Posted to jira@arrow.apache.org by "Neal Richardson (Jira)" <ji...@apache.org> on 2020/09/09 20:18:00 UTC

[jira] [Commented] (ARROW-9946) ParquetFileWriter segfaults when `sink` is a string

    [ https://issues.apache.org/jira/browse/ARROW-9946?page=com.atlassian.jira.plugin.system.issuetabpanels:comment-tabpanel&focusedCommentId=17193163#comment-17193163 ] 

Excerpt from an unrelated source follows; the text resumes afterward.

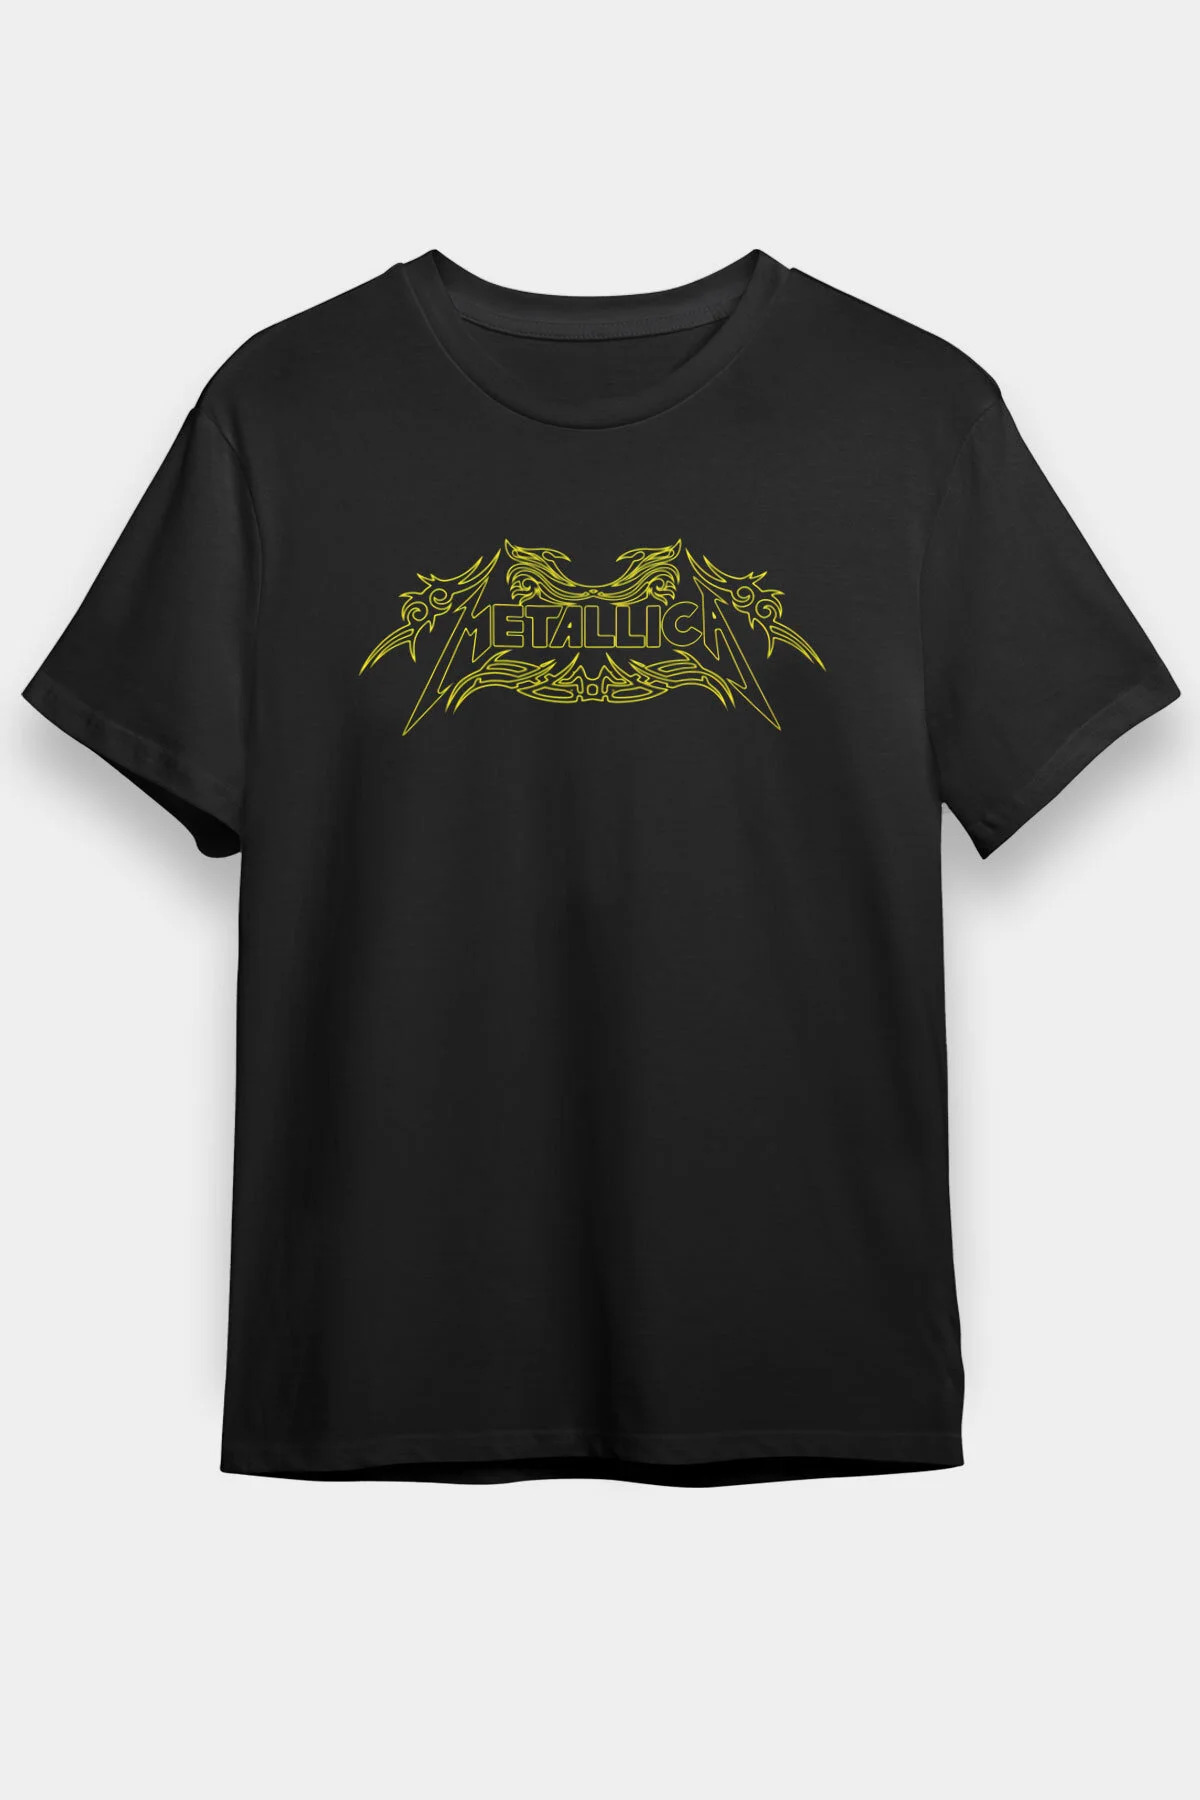 Metallica T shirt, Music Band ,Unisex Tshirt 22/
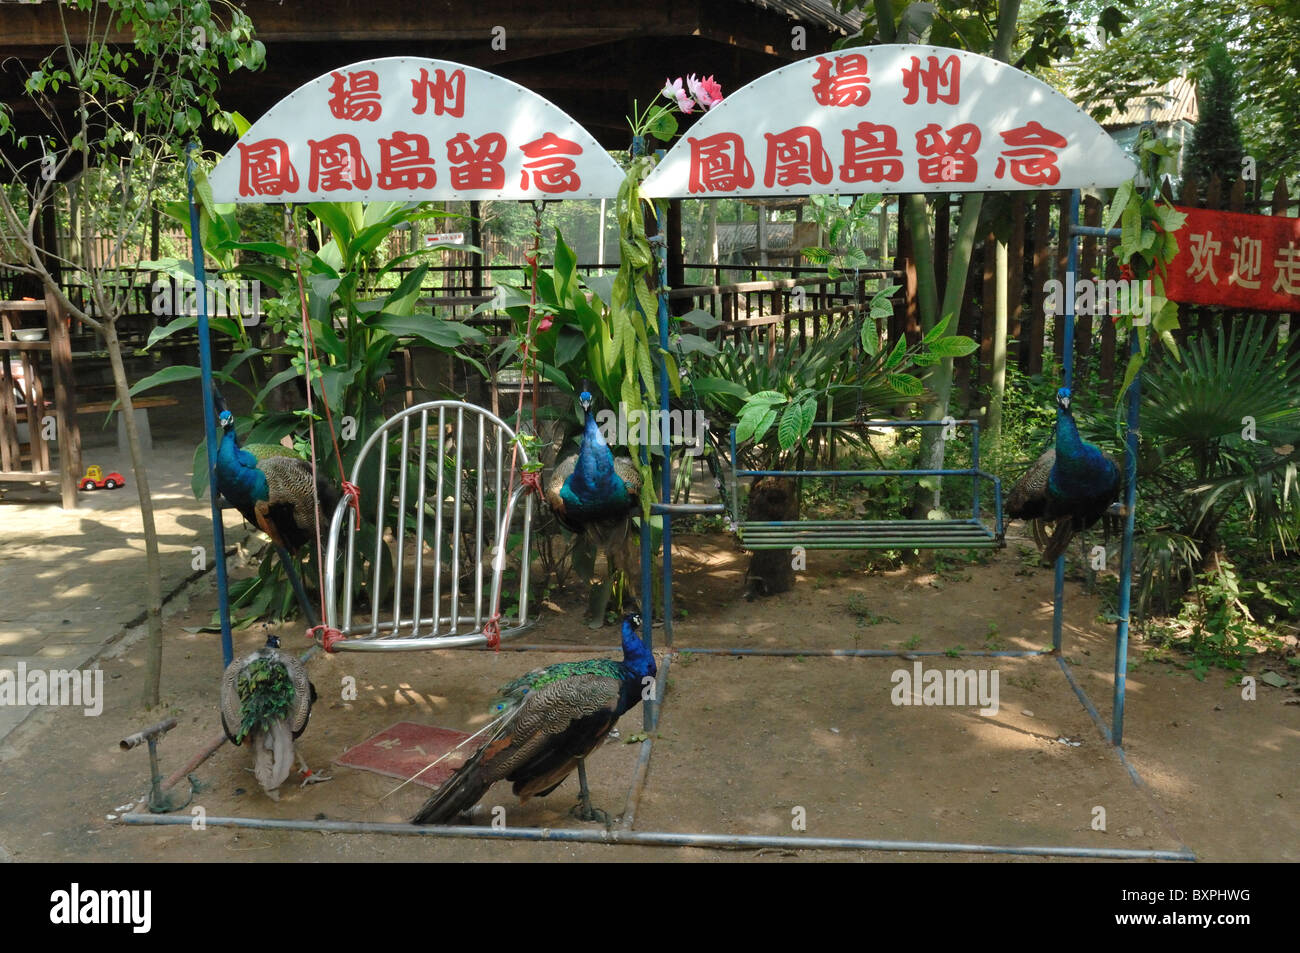 Fairground facilities at Phoenix Garden peoples park Yangzhou China Stock Photo

Neal Richardson commented on ARROW-9946:
----------------------------------------

The docs were very recently updated to say that it requires an OutputStream: https://ursalabs.org/arrow-r-nightly/reference/ParquetFileWriter.html

But {{ParquetFileWriter$create()}} should validate that. Would you be interested in submitting a PR to fix that? Could also add in brief docstrings for ParquetFileWriter's two methods while you're there, it's all within the same 10 lines of parquet.R.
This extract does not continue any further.